Pandas.py

# coding=utf-8
import pandas as pd
import numpy as np
print(pd.__version__)
arr=[0,1,2,3,4,5]
s1=pd.Series(arr)
#带有index赋值的series
n=np.random.random(5)
index=['a','b','c','d','e']
s2=pd.Series(n,index=index)
#从字典创建
n={'a':1,'b':2,'c':3,'d':4,'e':5}
s3=pd.Series(n)
#修改索引
s3.index=['A','B','C','D','E']
#纵向合并
s4=s3.append(s1)
print(s4)
#删除索引元素
s4.drop('E')
s4['A']=3
print(s4['A'])
#切片显示前三个数
print(s4[:3])
print(s3.add(s2))
print(s3.mul(s2))
#求series的中位数
s3.median()
#DataFrame
dates=pd.date_range('today',periods=6) # 定义时间序列作为 index
num_arr=np.random.randn(6,4) # 传入 numpy 随机数组
columns=['A','B','C','D'] # 将列表作为列名
df1=pd.DataFrame(num_arr,index=dates,columns=columns)
print(df1)
data = {'animal': ['cat', 'cat', 'snake', 'dog', 'dog', 'cat', 'snake', 'cat', 'dog', 'dog'],
        'age': [2.5, 3, 0.5, np.nan, 5, 2, 4.5, np.nan, 7, 3],
        'visits': [1, 3, 2, 3, 2, 3, 1, 1, 2, 1],
        'priority': ['yes', 'yes', 'no', 'yes', 'no', 'no', 'no', 'yes', 'no', 'no']}
labels = ['a', 'b', 'c', 'd', 'e', 'f', 'g', 'h', 'i', 'j']

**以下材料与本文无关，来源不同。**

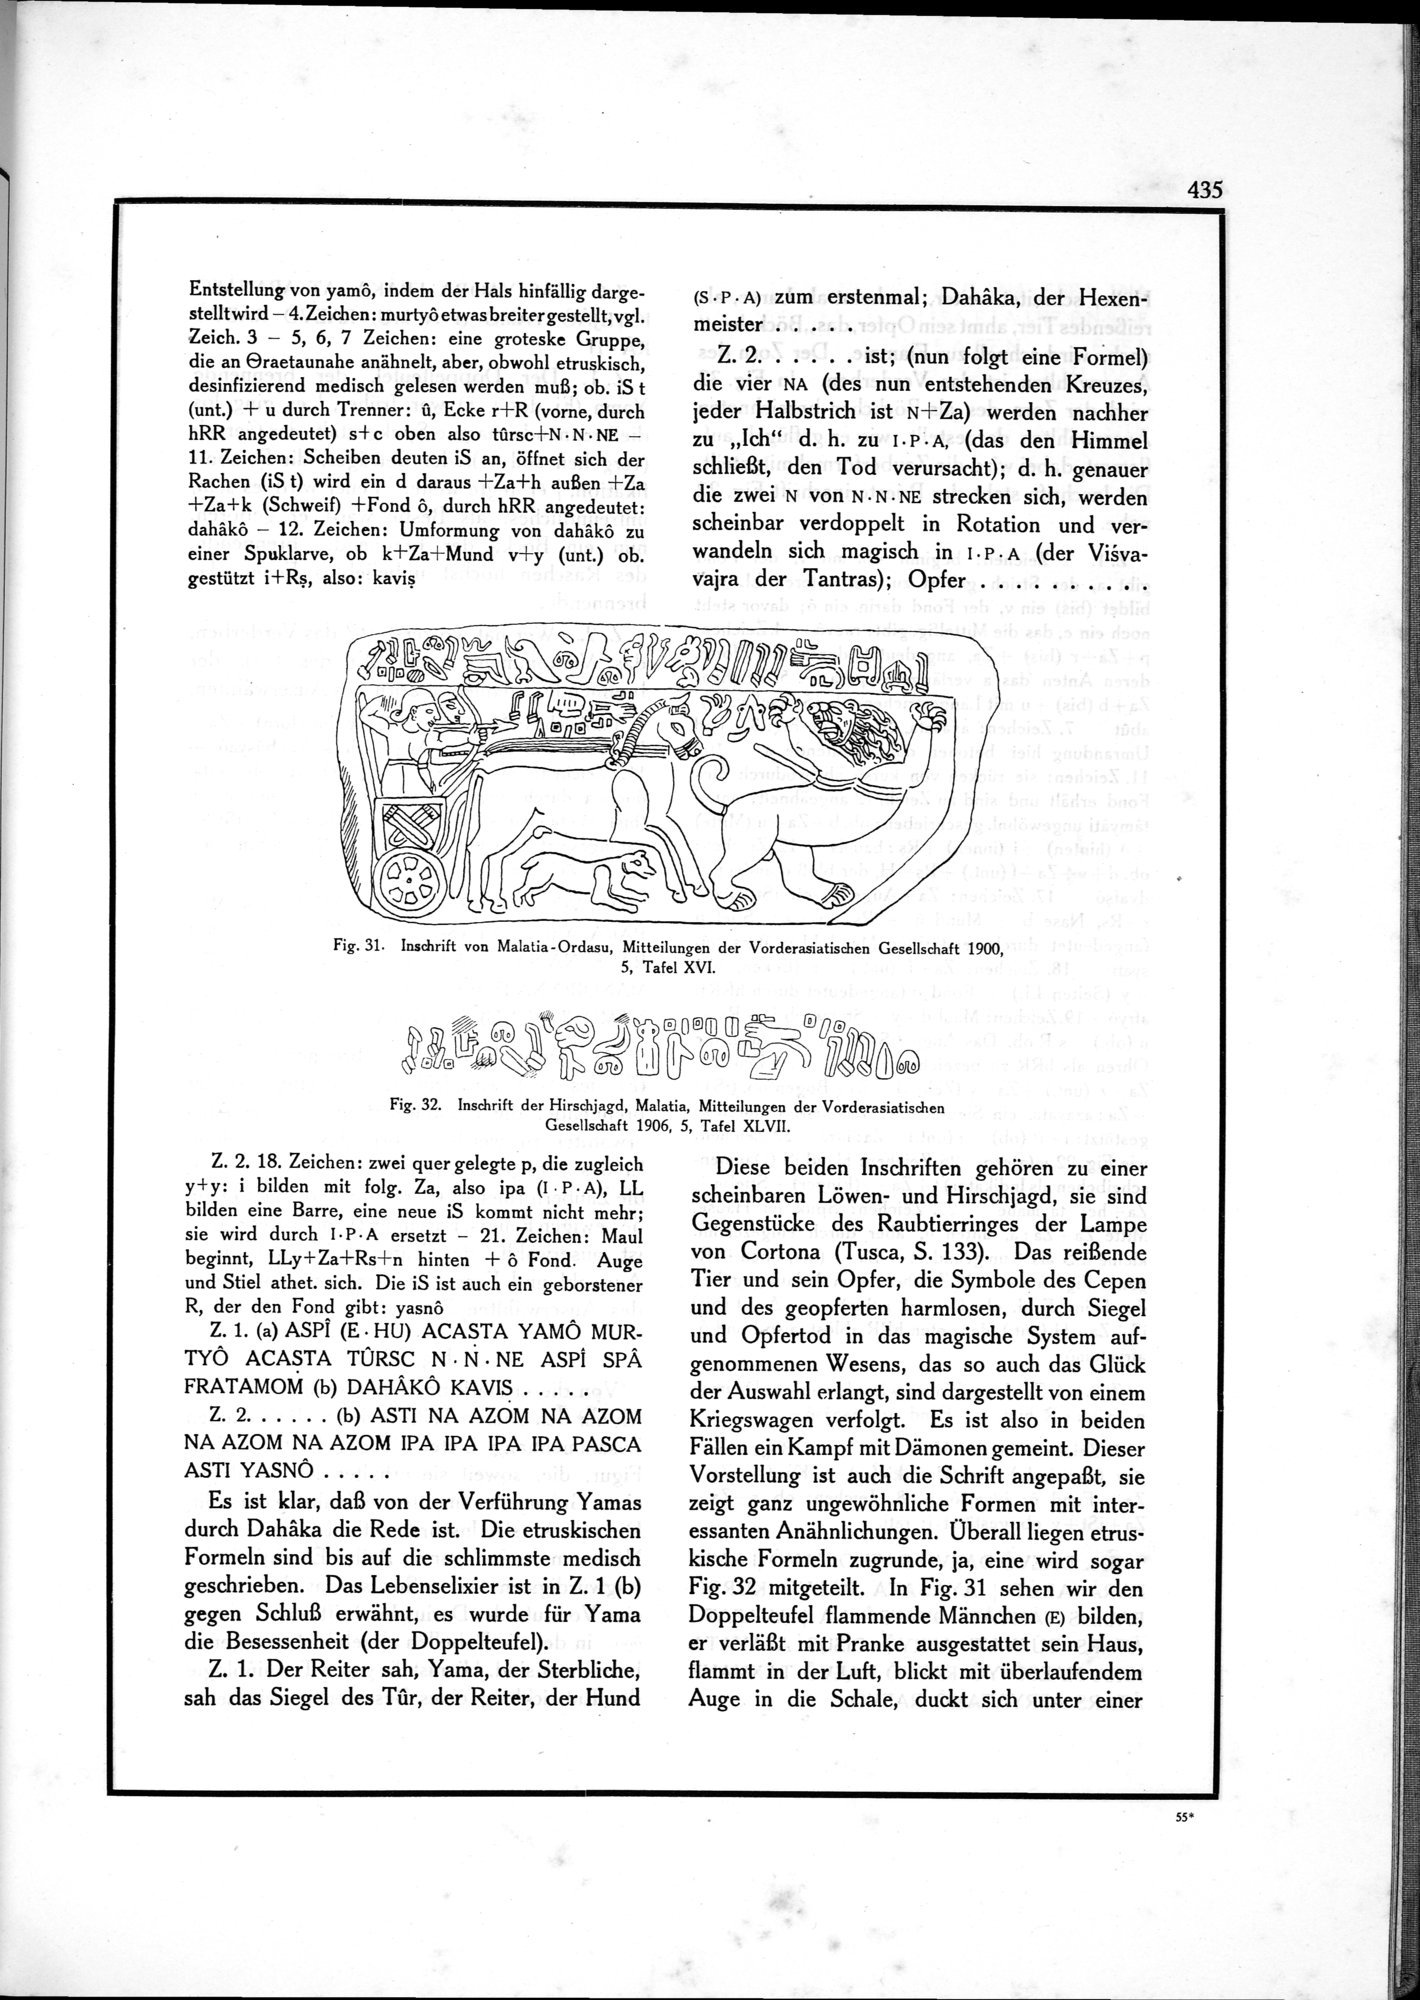 Die Teufel des Avesta und Ihre Beziehungen zur Ikonographie des Buddhismus Zentral-Asiens : vol.1 / Page 439 (Grayscale High Resolution Image)

df2 = pd.DataFrame(data, index=labels)
print(df2)
#查看dataframe的数据类型
print(df2.dtypes)
#查看dataframe前五行
df2.head(5)
df2.tail(2)
print(df2.index)
print(df2.columns)
print(df2.values)
#查看统计数据
print(df2.describe())
df2.T
#排序
df2.sort_values(by='age')
print(df2.iloc[1:3])
#判断为空
df2.isnull()
#添加列数据
num=pd.Series([0,1,2,3,4,5,6,7,8,9],index=df2.index)
df2['No.']=num # 添加以 'No.' 为列名的新数据列
print(df2)
#对下标值进行修改
df2.iat[1,0]=2
#对缺少值填充
df3=df2.copy()
df3.fillna(value=3)
#删除存在缺少值的行
df3.dropna(how='any')
# DataFrame 按指定列对齐
left = pd.DataFrame({'key': ['foo1', 'foo2'], 'one': [1, 2]})

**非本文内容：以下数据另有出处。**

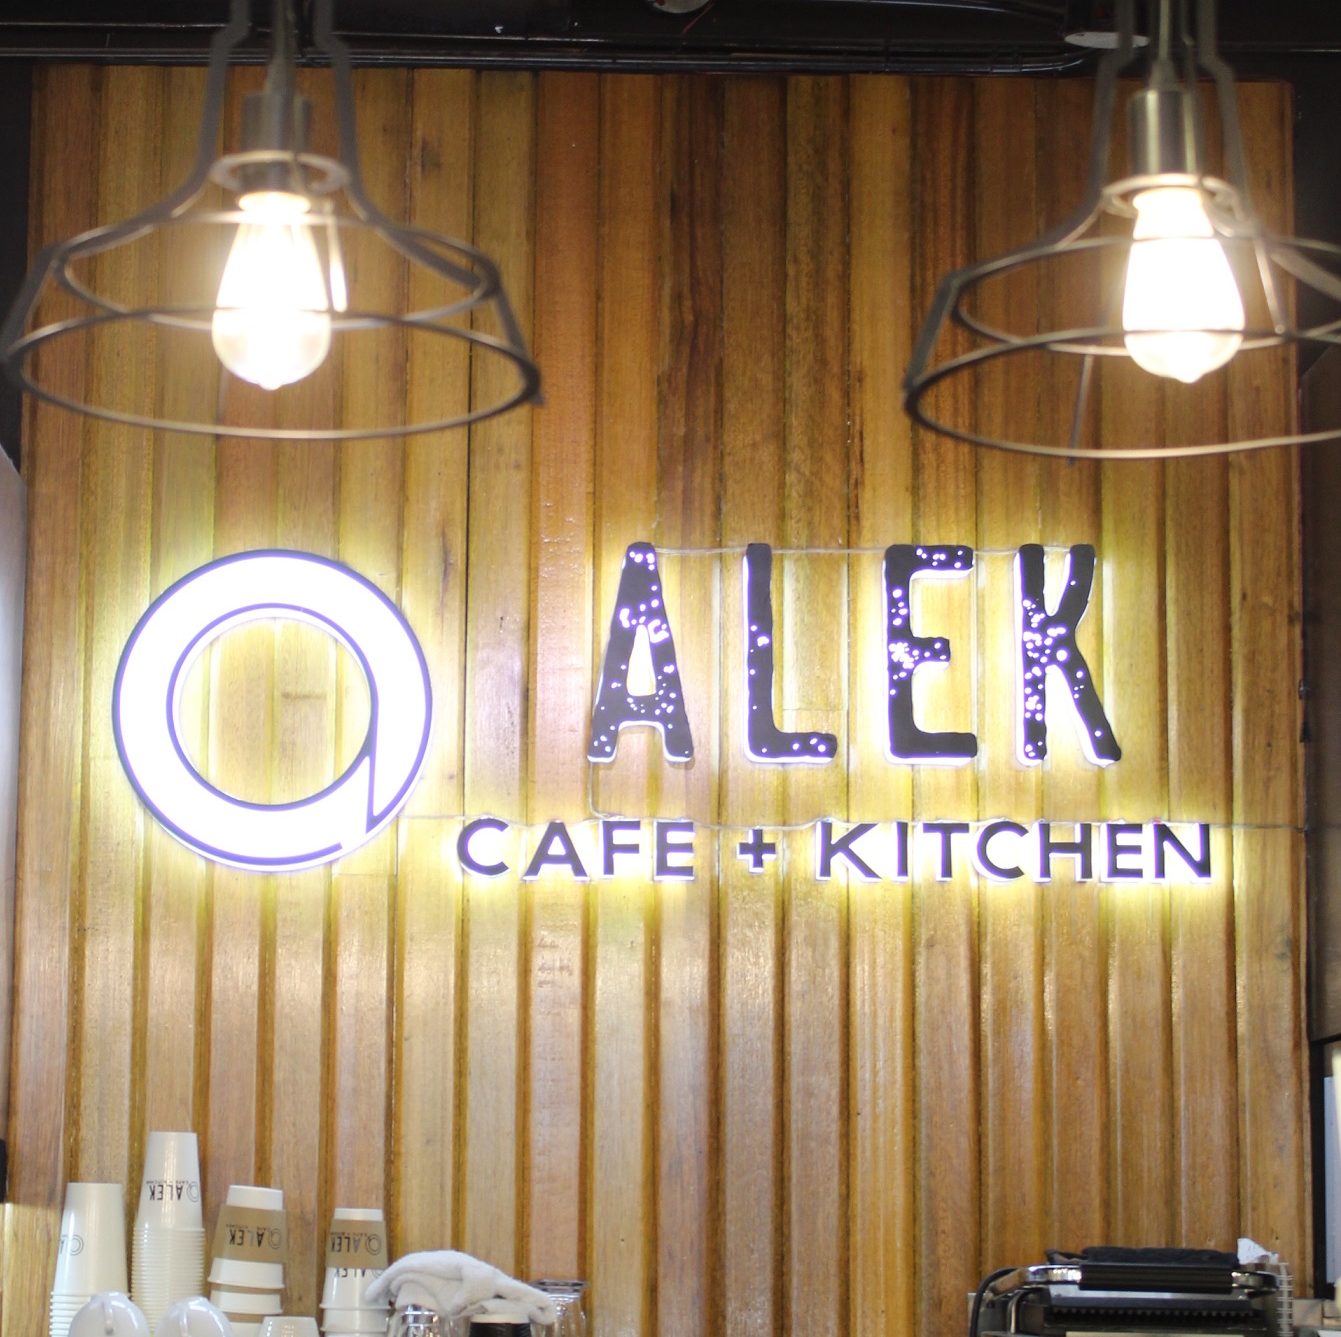 Alek Cafe + Kitchen

right = pd.DataFrame({'key': ['foo2', 'foo3'], 'two': [4, 5]})
print(left)
print(right)
# 按照 key 列对齐连接，只存在 foo2 相同，所以最后变成一行
pd.merge(left, right, on='key')
df3.to_csv('animal.csv')
print("写入成功.")
df_animal=pd.read_csv('animal.csv')
print(df_animal)
df3.to_excel('animal.xlsx', sheet_name='Sheet1')
print("写入成功.")
pd.read_excel('animal.xlsx', 'Sheet1', index_col=None, na_values=['NA'])
#进阶
#创建2018以天为单位值为随机数的series
dti=pd.date_range(start='2018-01-01',end='2018-12-31',freq='D')

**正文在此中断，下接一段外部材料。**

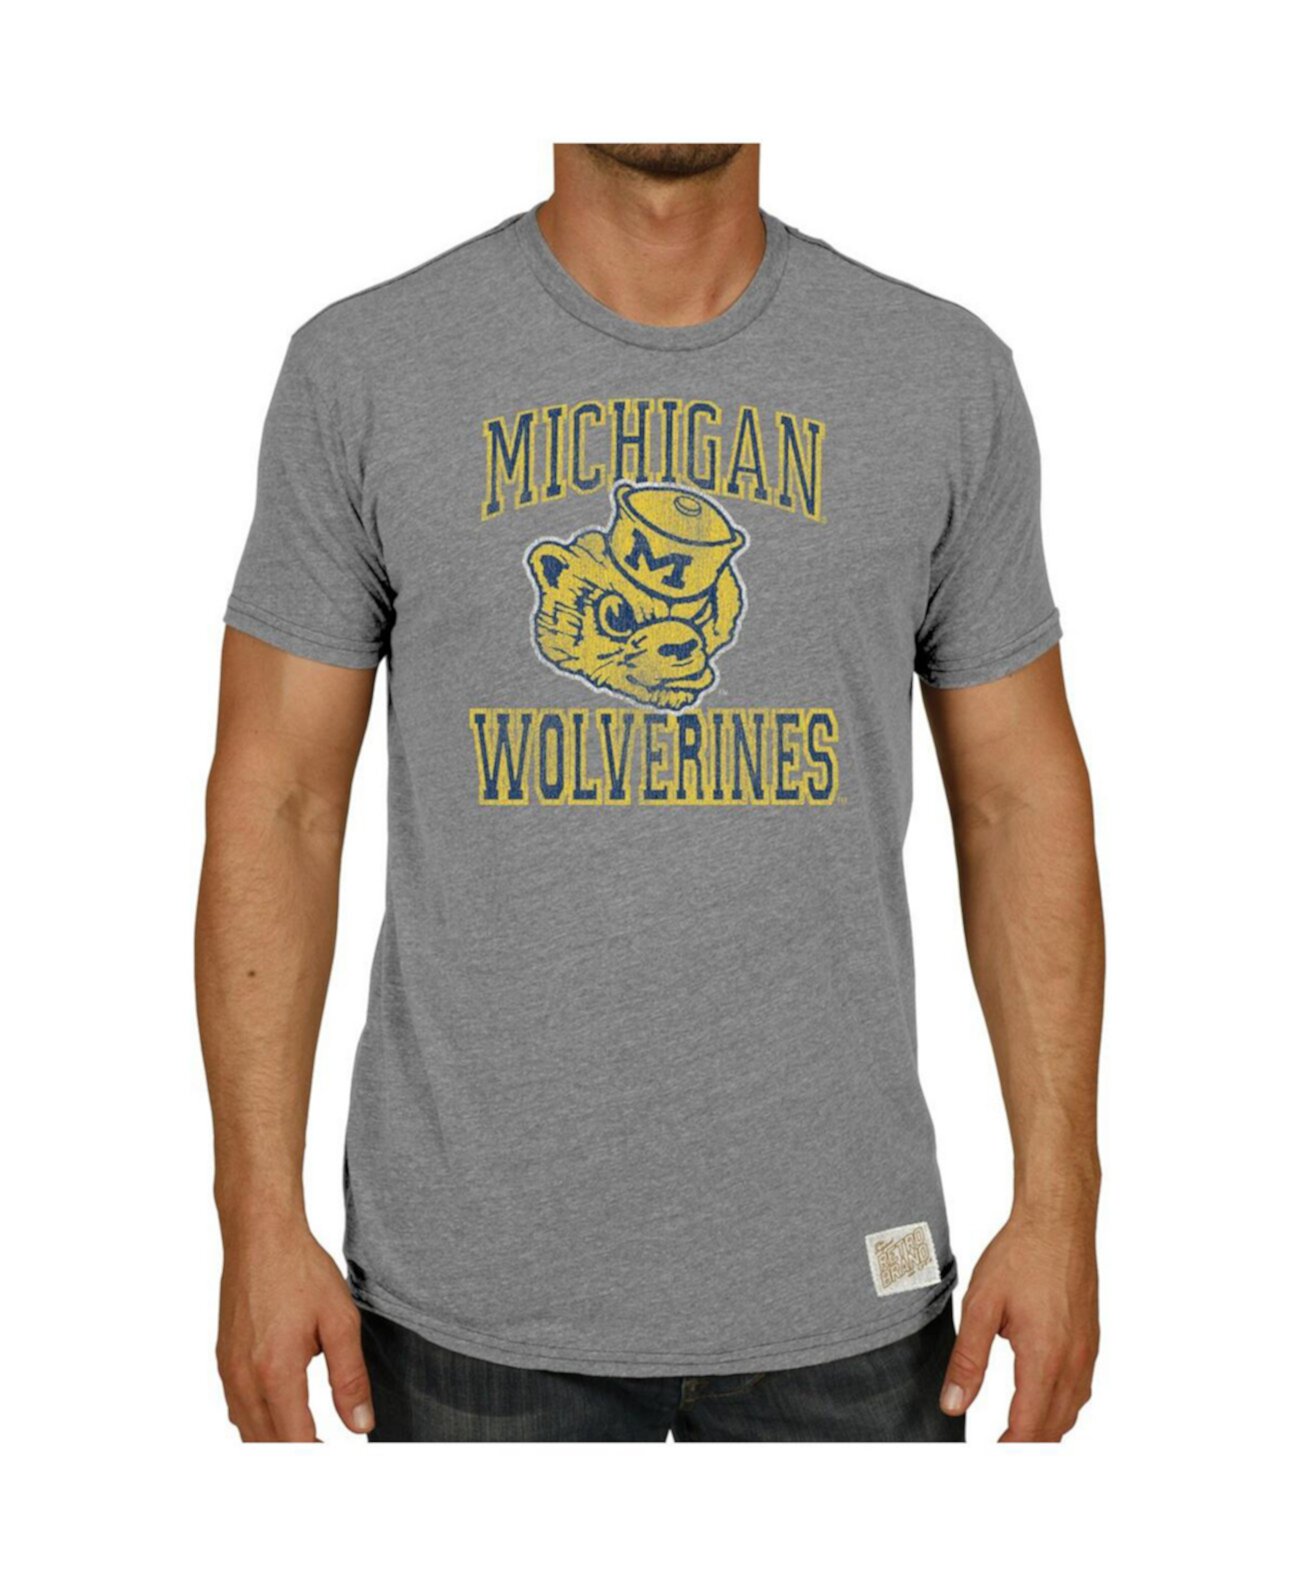 Мужская футболка Heather Grey Michigan Wolverines в винтажном стиле с надписью Wolverbear Tri-Blend Original Retro Brand

s=pd.Series(np.random.rand(len(dti)),index=dti)
print(s[s.index.weekday==2].sum())
#统计每个月的平均值
s.resample('M').mean()
s=pd.date_range('today',periods=100,freq='S')
ts=pd.Series(np.random.randint(0,500,len(s)),index=s)
print('sum')
print(ts.resample('Min').sum())
ts_utc=ts.tz_localize('UTC')#世界标准时间
ts_utc.tz_convert('Asia/Shanghai')
ps=ts.to_period()#按间隔划分
ps.to_timestamp()#按开始时间划分
#多重索引
letters = ['A', 'B', 'C']
numbers = list(range(10))
mi = pd.MultiIndex.from_product([letters, numbers]) # 设置多重索引
s = pd.Series(np.random.rand(30), index=mi) # 随机数
#多重索引查询
s.loc[:, [1, 3, 6]]
#多重索引切片
s.loc[pd.IndexSlice[:'B', 5:]]
#DataFrame的多重索引
frame = pd.DataFrame(np.arange(12).reshape(6, 2),
                     index=[list('AAABBB'), list('123123')],
                     columns=['hello', 'shiyanlou'])
frame.index.names=['first','second']
frame.groupby('first').sum()
#DataFrame的条件查找
data = {'animal': ['cat', 'cat', 'snake', 'dog', 'dog', 'cat', 'snake', 'cat', 'dog', 'dog'],
        'age': [2.5, 3, 0.5, np.nan, 5, 2, 4.5, np.nan, 7, 3],
        'visits': [1, 3, 2, 3, 2, 3, 1, 1, 2, 1],
        'priority': ['yes', 'yes', 'no', 'yes', 'no', 'no', 'no', 'yes', 'no', 'no']}
labels = ['a', 'b', 'c', 'd', 'e', 'f', 'g', 'h', 'i', 'j']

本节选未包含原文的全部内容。